Но пока мы ограничиваем наше внимание всеобщей борьбой за жизнь и выживанием наиболее приспособленных, без определенных оговорок, которые будут упомянуты в ближайшее время, самому глубокому интеллекту трудно прийти к выводам, гораздо более удовлетворительным, чем у Калибана. Если дух, проявленный в делах природы, как это рассматривается, не является духом беспричинной насмешки, то, по крайней мере, это кажется духом стоического безразличия. Это указывает на Слепую Силу, а не на Благодетельную Мудрость в источнике вещей. Именно в таком настроении Гексли говорит нам в своей знаменитой речи, произнесенной в Оксфорде в 1893 году, что в космическом процессе нет санкции для морали. «Люди в обществе, — говорит он, — несомненно, подвержены космическому процессу. Как и у других животных, размножение идет без остановки и влечет за собой суровую конкуренцию за средства к существованию. Борьба за существование имеет тенденцию устранять тех, кто менее приспособлен к адаптации к обстоятельствам своего существования. Сильнейшие, наиболее самоутверждающиеся имеют тенденцию попирать более слабых... Социальный прогресс означает сдерживание космического процесса на каждом шагу и замену его другим, который можно назвать этическим процессом; целью которого является не выживание тех, кто случайно оказался наиболее приспособленным в отношении всей совокупности существующих условий, а тех, кто этически является лучшим». Опять же, говорит Гексли, «давайте поймем раз и навсегда, что этический прогресс общества зависит не от подражания космическому процессу, тем более не от бегства от него, а от борьбы с ним». И снова он говорит нам, что, хотя моральные чувства, несомненно, были развиты, но поскольку «аморальные чувства были развиты не менее, то, насколько это возможно, существует столько же естественных санкций для одних, сколько и для других». И еще раз: «космический процесс не имеет никакого отношения к моральным целям».

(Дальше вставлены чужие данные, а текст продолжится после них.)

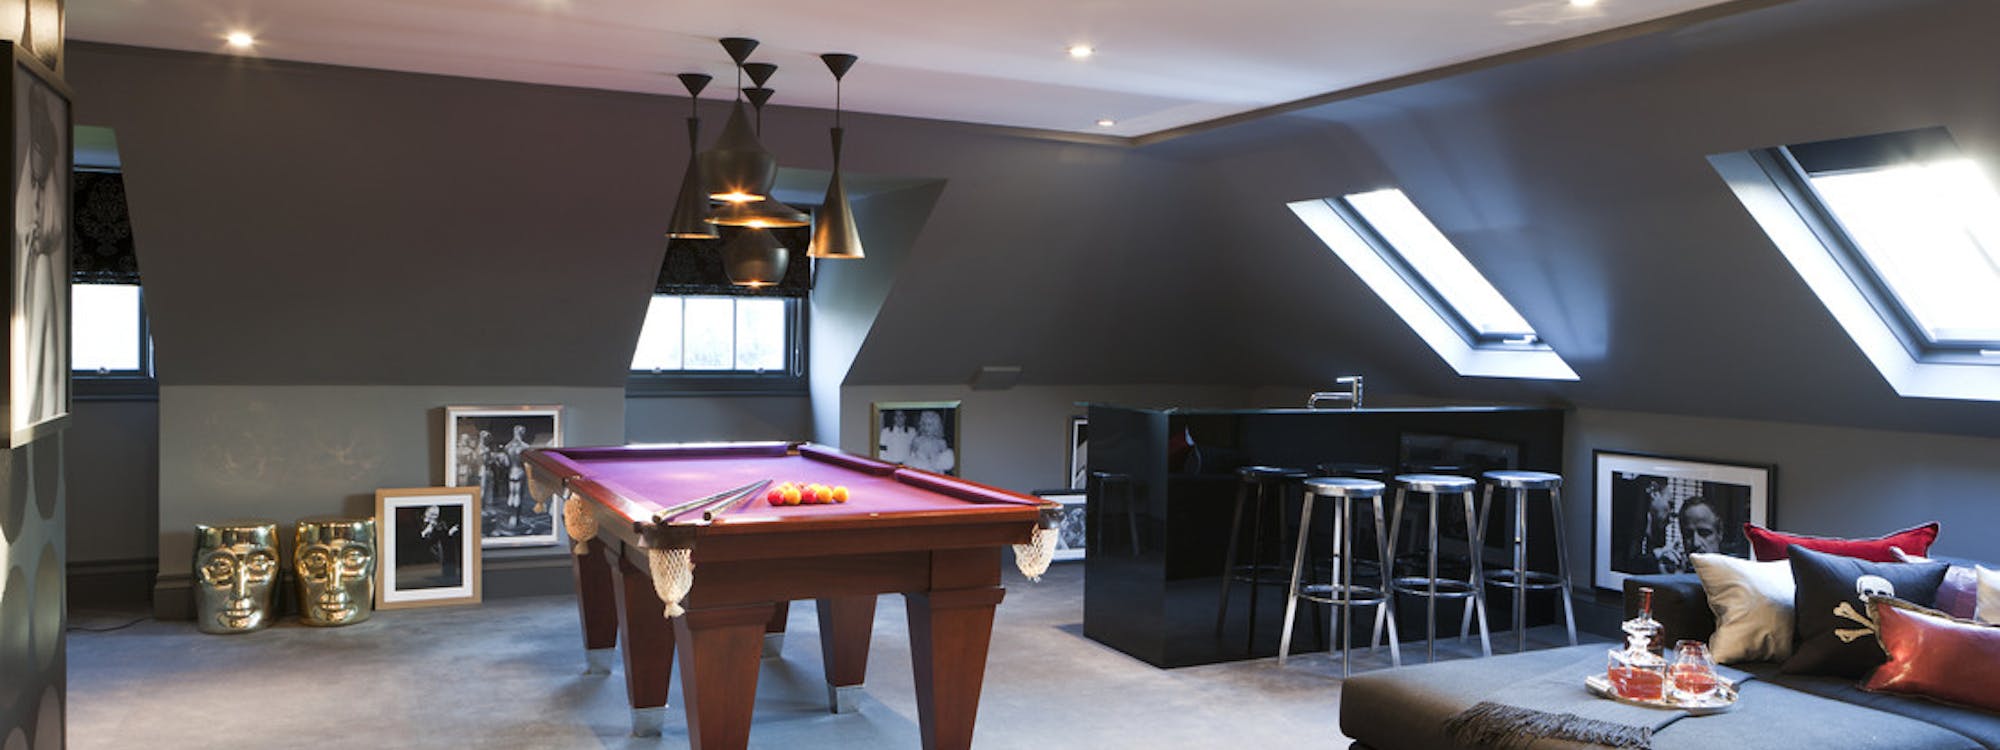 conversions - loft, garage and basement to create additional space in your home

Когда эти утверждения были впервые сделаны, они были встречены с удивлением, и с тех пор они вызвали много комментариев, ибо они звучат как отступление от позиции, которую ожидается занять эволюционисту. Они отчетливо утверждают разрыв непрерывности между эволюцией в целом и эволюцией Человека в частности; и таким образом они принесли радость в сердца некоторых теологов, из тех, кто любит рассматривать Человека как нарушителя природы. Если нет естественной санкции для морали, то санкция должна быть сверхъестественной, и немедленно такие теологи приветствуют Гексли как союзника!

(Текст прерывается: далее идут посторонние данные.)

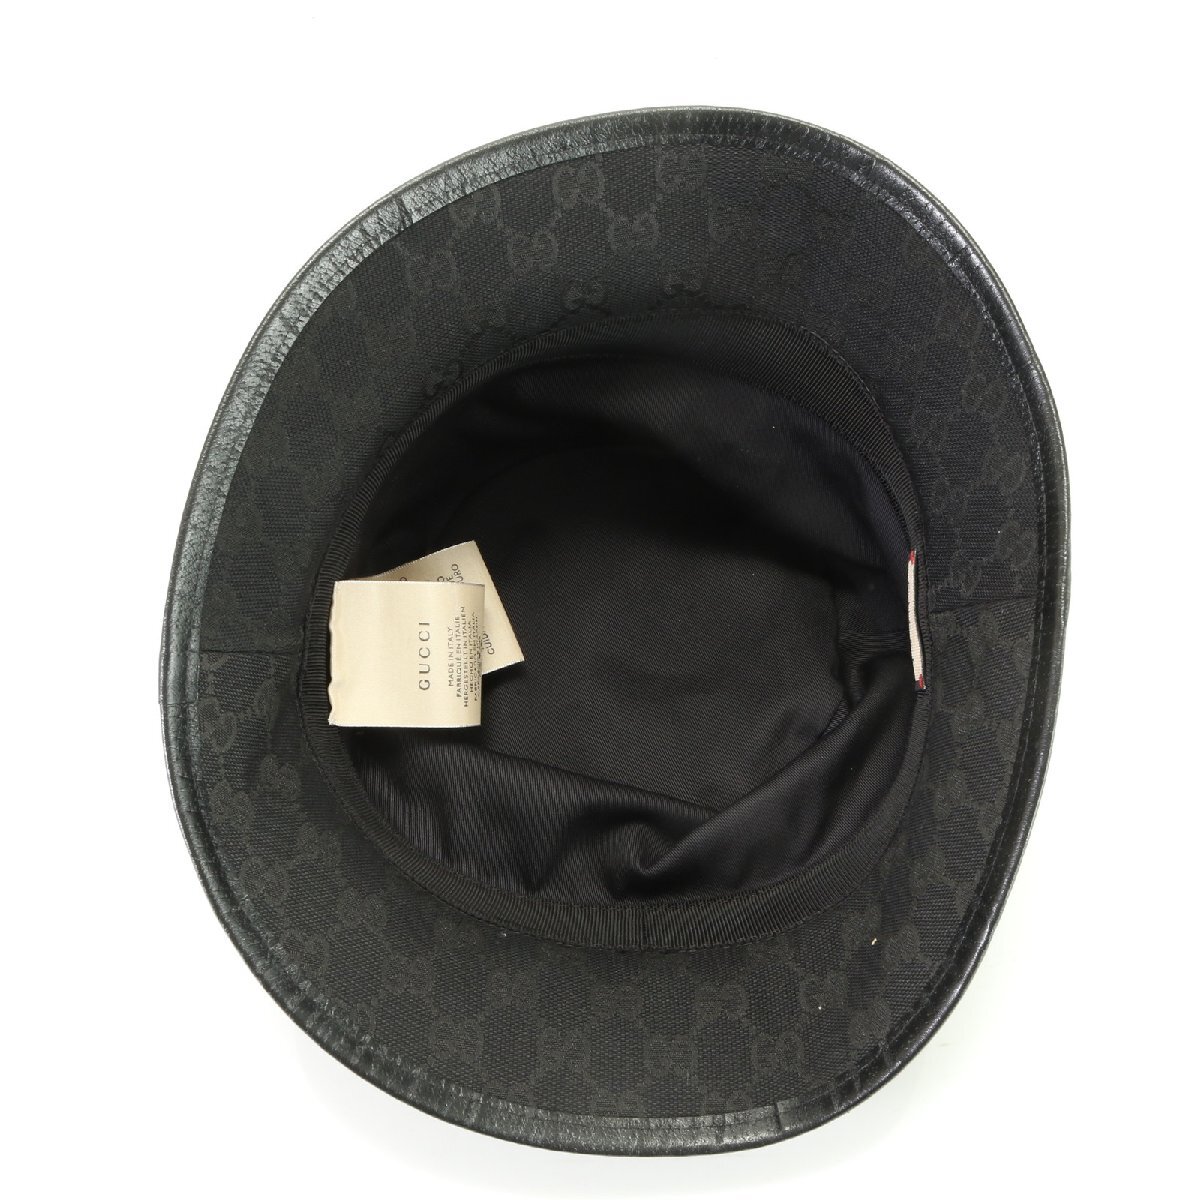 1 jpy # as good as new # present goods # Gucci # double G GG canvas bucket hat 576587 leather hat black men's lady's TJE 2.16-12

Однако они ошибаются. Гексли на самом деле не имеет в виду утверждать какой-либо такой разрыв непрерывности, который здесь предполагается. В примечании к своей напечатанной речи он делает оговорку, которая фактически отменяет группу утверждений, которые я процитировал. «Конечно, — говорит Гексли, — строго говоря, социальная жизнь и этический процесс, в силу которого она продвигается к совершенству, являются неотъемлемой частью общего процесса эволюции». Конечно, они таковы; и, конечно, общий процесс эволюции — это космический процесс, это способ природы делать вещи. Но когда мой дорогой Гексли минуту назад говорил, что «космический процесс не имеет никакого отношения к моральным целям», он использовал эту фразу в более ограниченном смысле; он использовал ее как эквивалент того, что Дарвин называл «естественным отбором», что Спенсер называл «выживанием наиболее приспособленных», что является лишь одной частью космического процесса. Теперь, безусловно, выживание наиболее приспособленных как таковое не имеет никакого отношения к моральным целям. Красота и уродство, добродетель и порок — все одинаково для него. Бок о бок с изысканной розой процветает отвратительный тарантул, и в слишком многих случаях шансы злодея на существование лучше, чем у святых. Как я сказал некоторое время назад, если мы ограничим наше внимание выживанием наиболее приспособленных в борьбе за существование, мы вряд ли придем к выводам, гораздо более удовлетворительным, чем у Калибана.